I find this pretty worrisome for the following reasons:

  1. right now we have one remap rule that catches all the requests handled by appservers-rw. This means that ATS only tracks one counter of server connection retries for all the sites handled by appservers-rw.discovery.wmnet, wikipedia, wikidata, wikivoyage.
  2. if one mw server behind appservers-rw.discovery.wmnet misbehaves and triggers enough BAD_INCOMING_RESPONSE errors, it could trigger ATS to mark appservers-rw.discovery.wmnet as down
  3. At that point that ats-be instance would return 5xx (502/504) for every request that otherwise would be handled by appservers-rw.discovery.wmnet

I find this pretty worrisome for the following reasons:

  1. right now we have one remap rule that catches all the requests handled by appservers-rw. This means that ATS only tracks one counter of server connection retries for all the sites handled by appservers-rw.discovery.wmnet, wikipedia, wikidata, wikivoyage.
  2. if one mw server behind appservers-rw.discovery.wmnet misbehaves and triggers enough BAD_INCOMING_RESPONSE errors, it could trigger ATS to mark appservers-rw.discovery.wmnet as down
  3. At that point that ats-be instance would return 5xx (502/504) for every request that otherwise would be handled by appservers-rw.discovery.wmnet

This is clearly unacceptable and very worrisome, if that's the case.

What would happen if we did return some bad response consistently for a specific url because of a code deploy? I guess a 5xx from a backend doesn't translate to BAD_INCOMING_RESPONSE but it's anyways quite damaging.

nope, a 5xx doesn't translate to BAD_INCOMING_RESPONSE, actually is specifically whitelisted:

case STATUS_CODE_SERVER_ERROR:
    TxnDebug("http_trans", "[is_response_valid] Response Error: Origin Server returned 500 - allowing");
    return true;
DannyS712 renamed this task from Bug: 502 error when marking page for translation to 502 errors on ATS/8.0.5.Nov 20 2019, 10:12 AM
DannyS712 changed the subtype of this task from "Task" to "Bug Report".

nope, a 5xx doesn't translate to BAD_INCOMING_RESPONSE, actually is specifically whitelisted:

case STATUS_CODE_SERVER_ERROR:
    TxnDebug("http_trans", "[is_response_valid] Response Error: Origin Server returned 500 - allowing");
    return true;

That lowers my level of worry but there is ofc the case you were talking about: a backend server in a bad state.

If a single ATS backend hits it enough times before pybal depools it, it can happen that this ats-be depools all appservers.
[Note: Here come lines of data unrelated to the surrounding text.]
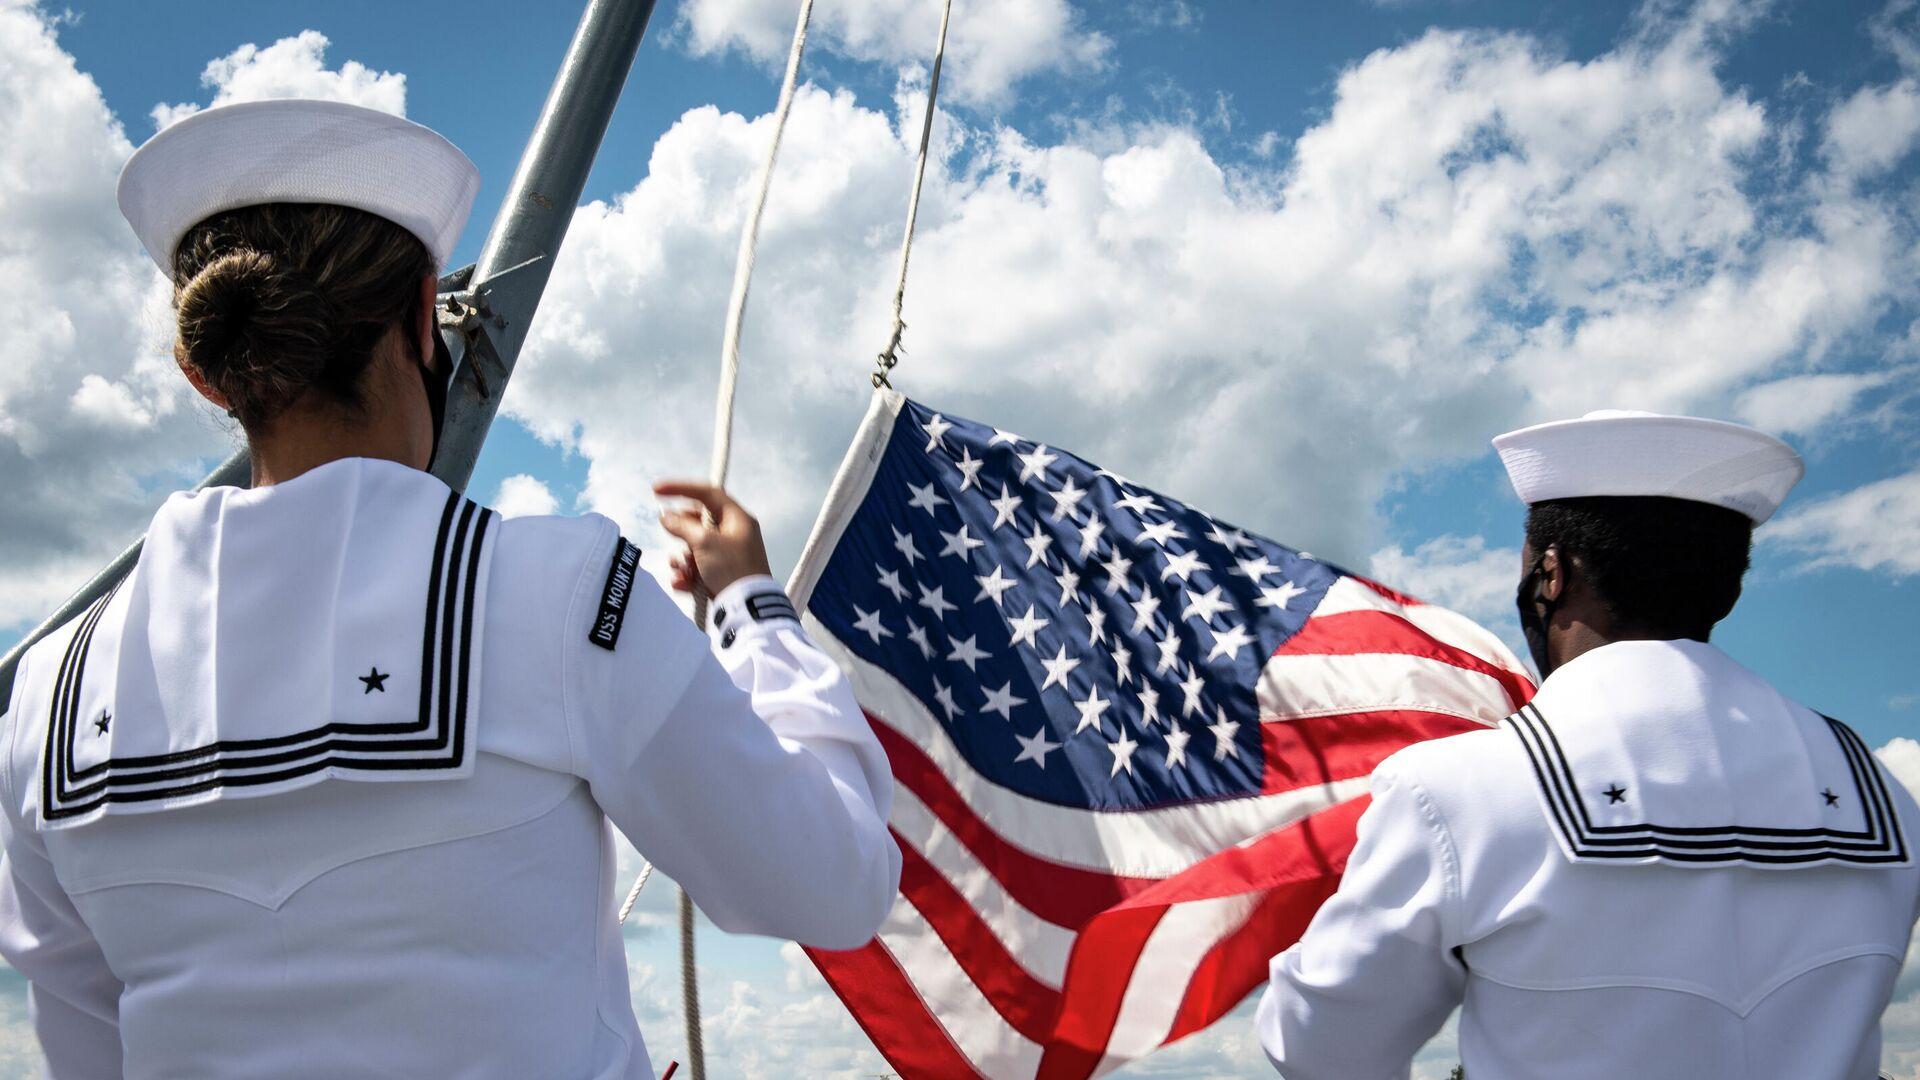 Подъем флага на корабле Маунт Уитни ВМС США - РИА Новости, 1920, 20.12.2020
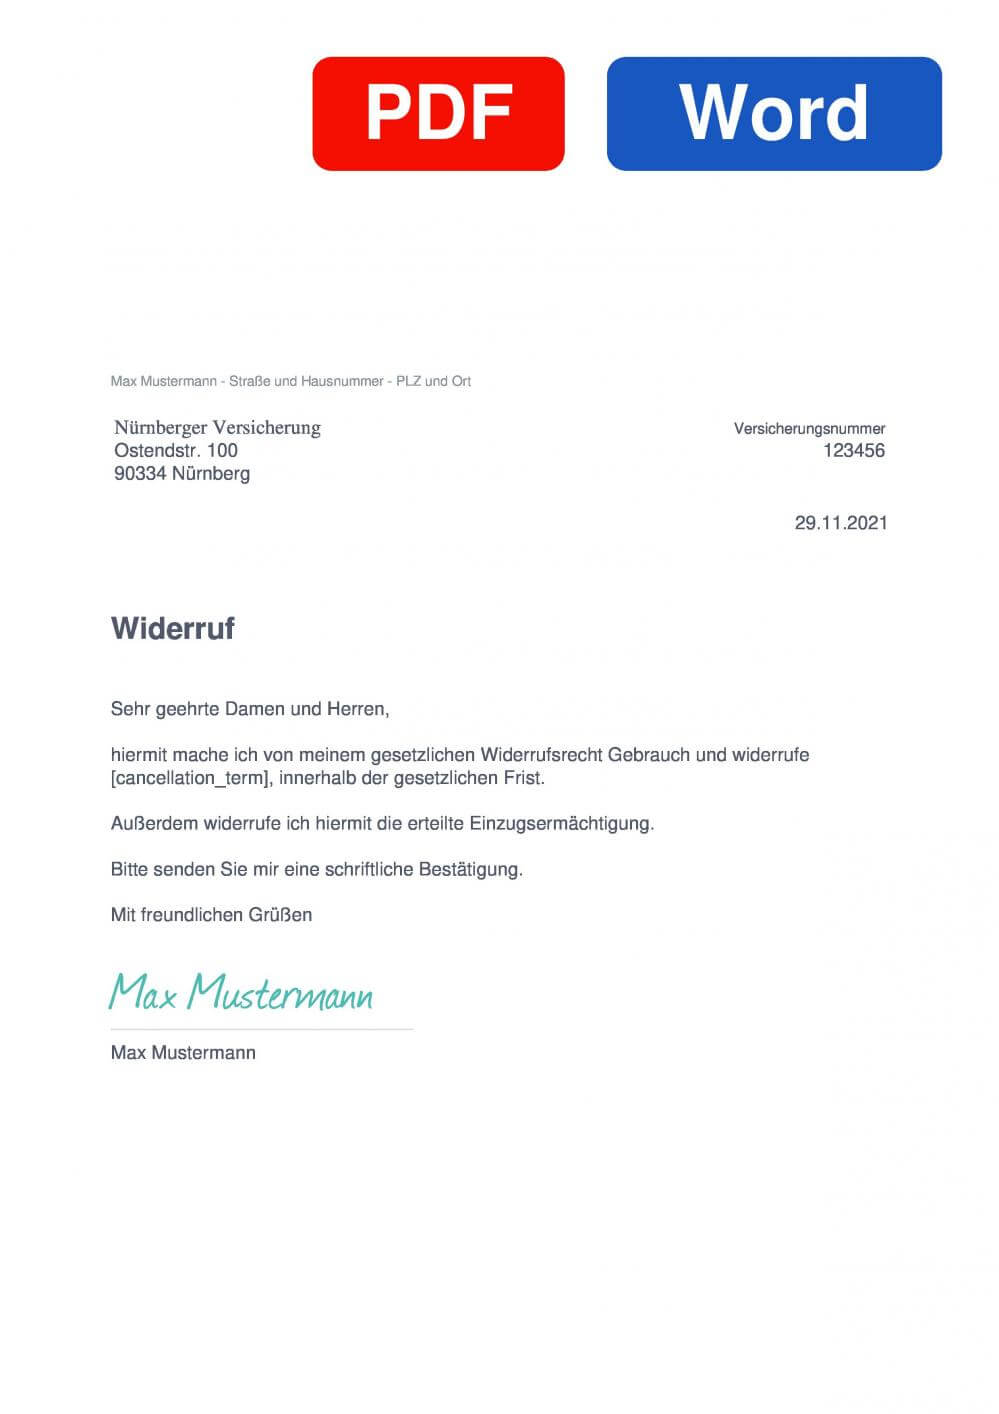 Nürnberger Versicherung Muster Vorlage für Wiederrufsschreiben
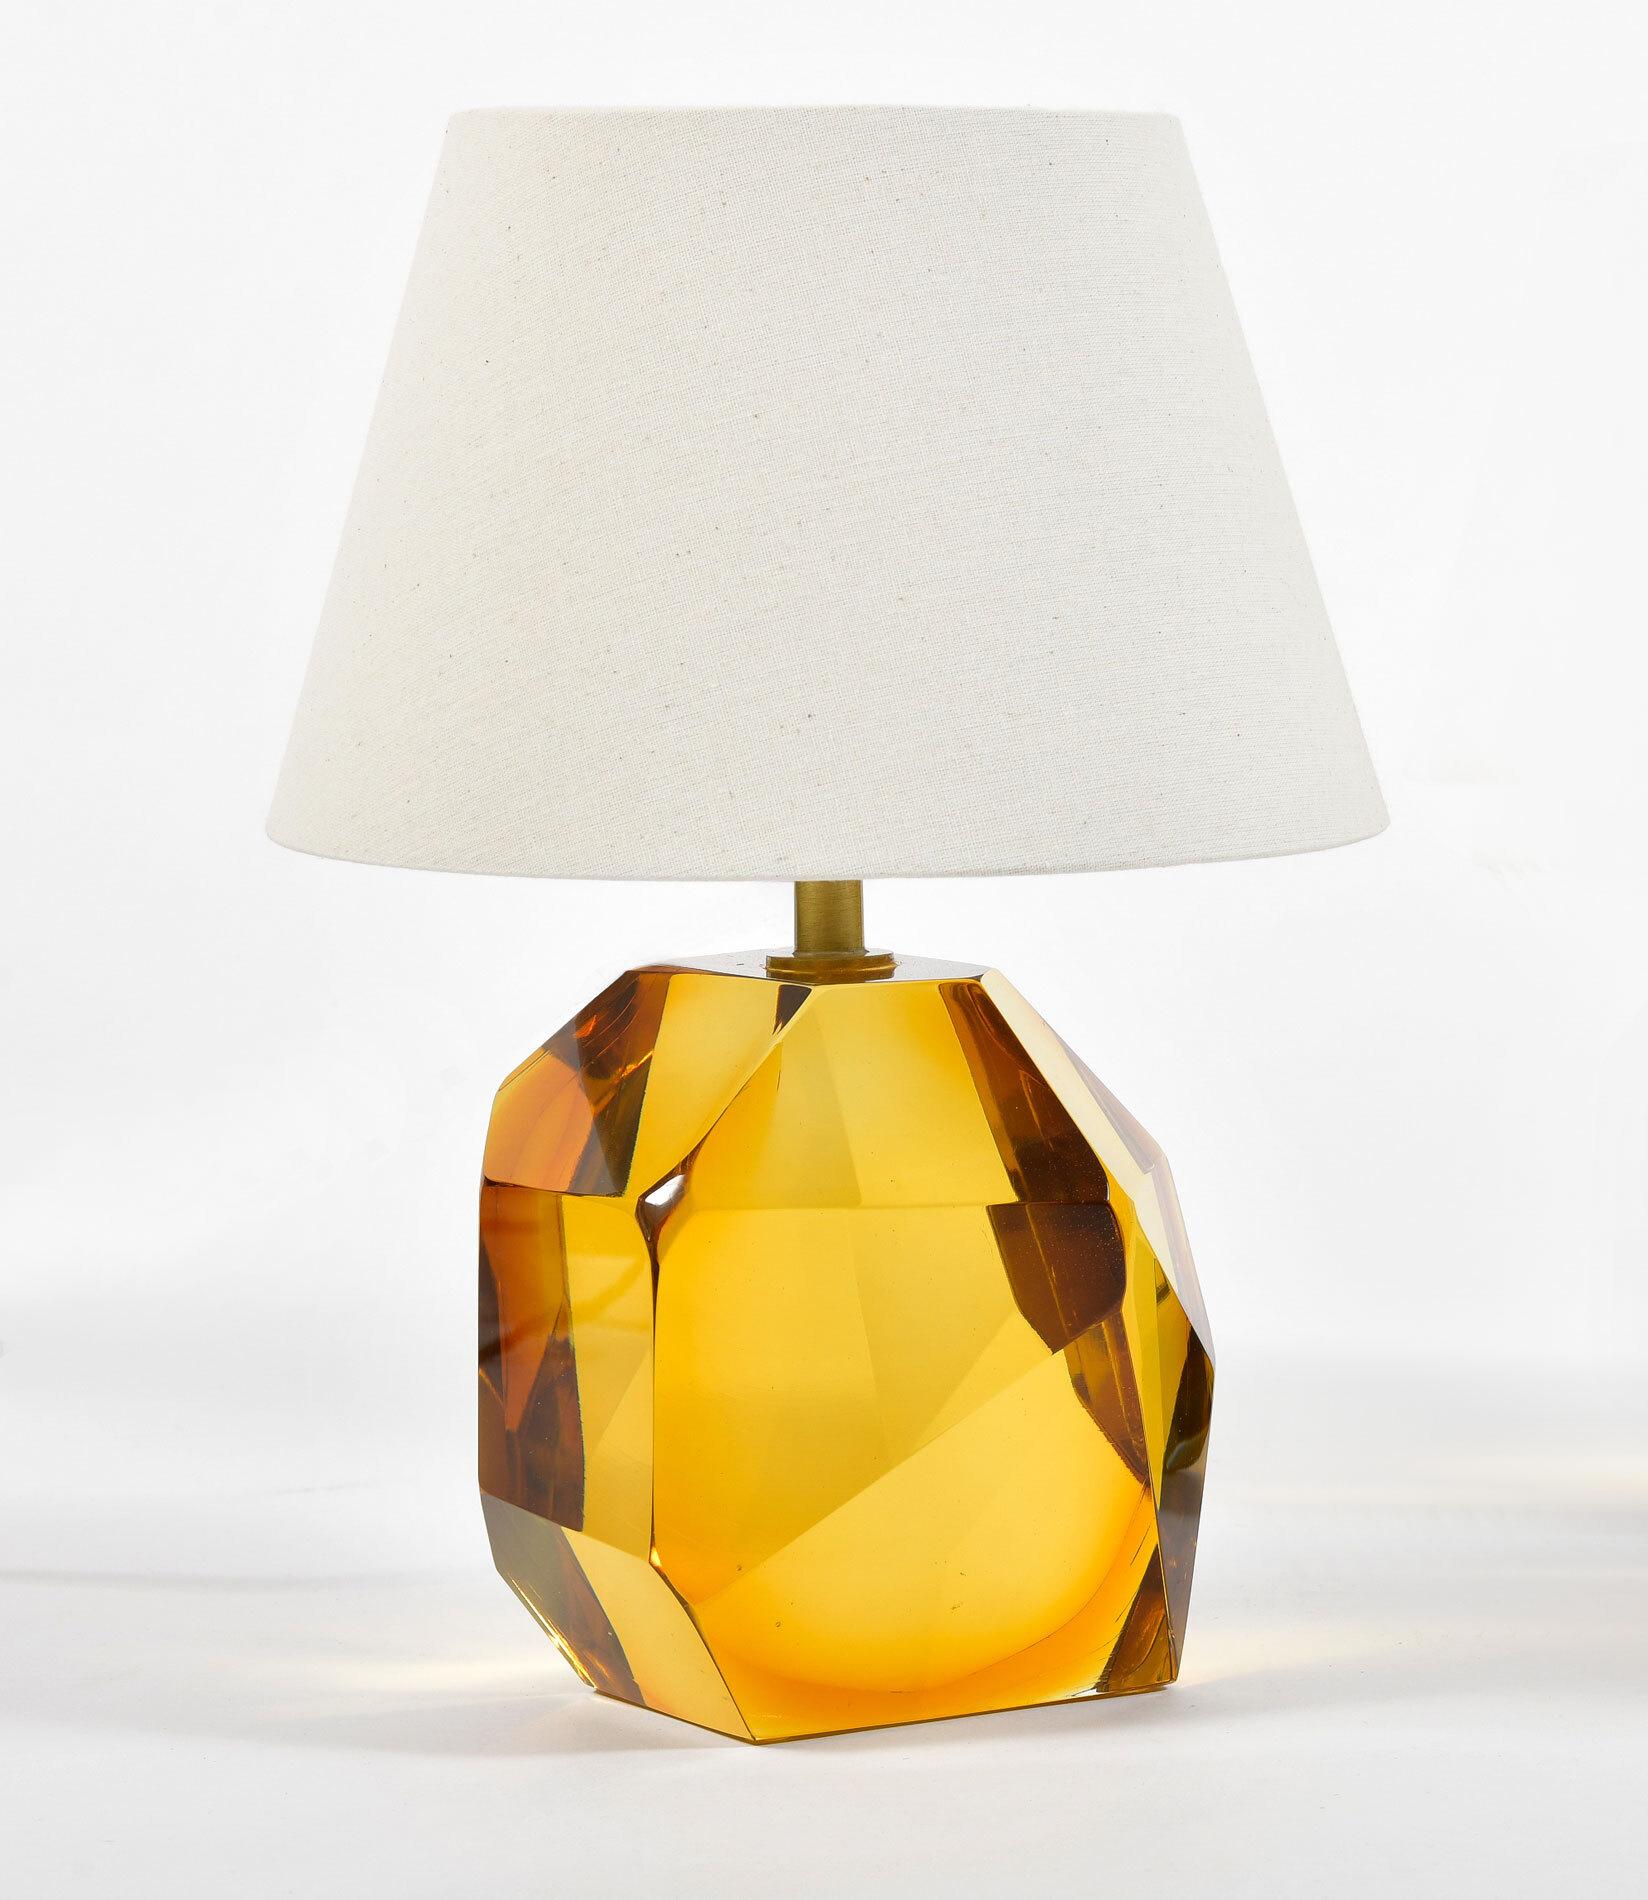 Pair Of Amber Rock Lamps 02

On the other hand, for most idempotent requests, varnish-fe will try another backend (IIRC) so the impact would be mitigated.

One real problem is: some of our requests are incredibly long and might overflow the timeouts in ATS-BE - in that case, pybal won't depool a backend but we might still get an error counter increased, correct?

One real problem is: some of our requests are incredibly long and might overflow the timeouts in ATS-BE - in that case, pybal won't depool a backend but we might still get an error counter increased, correct?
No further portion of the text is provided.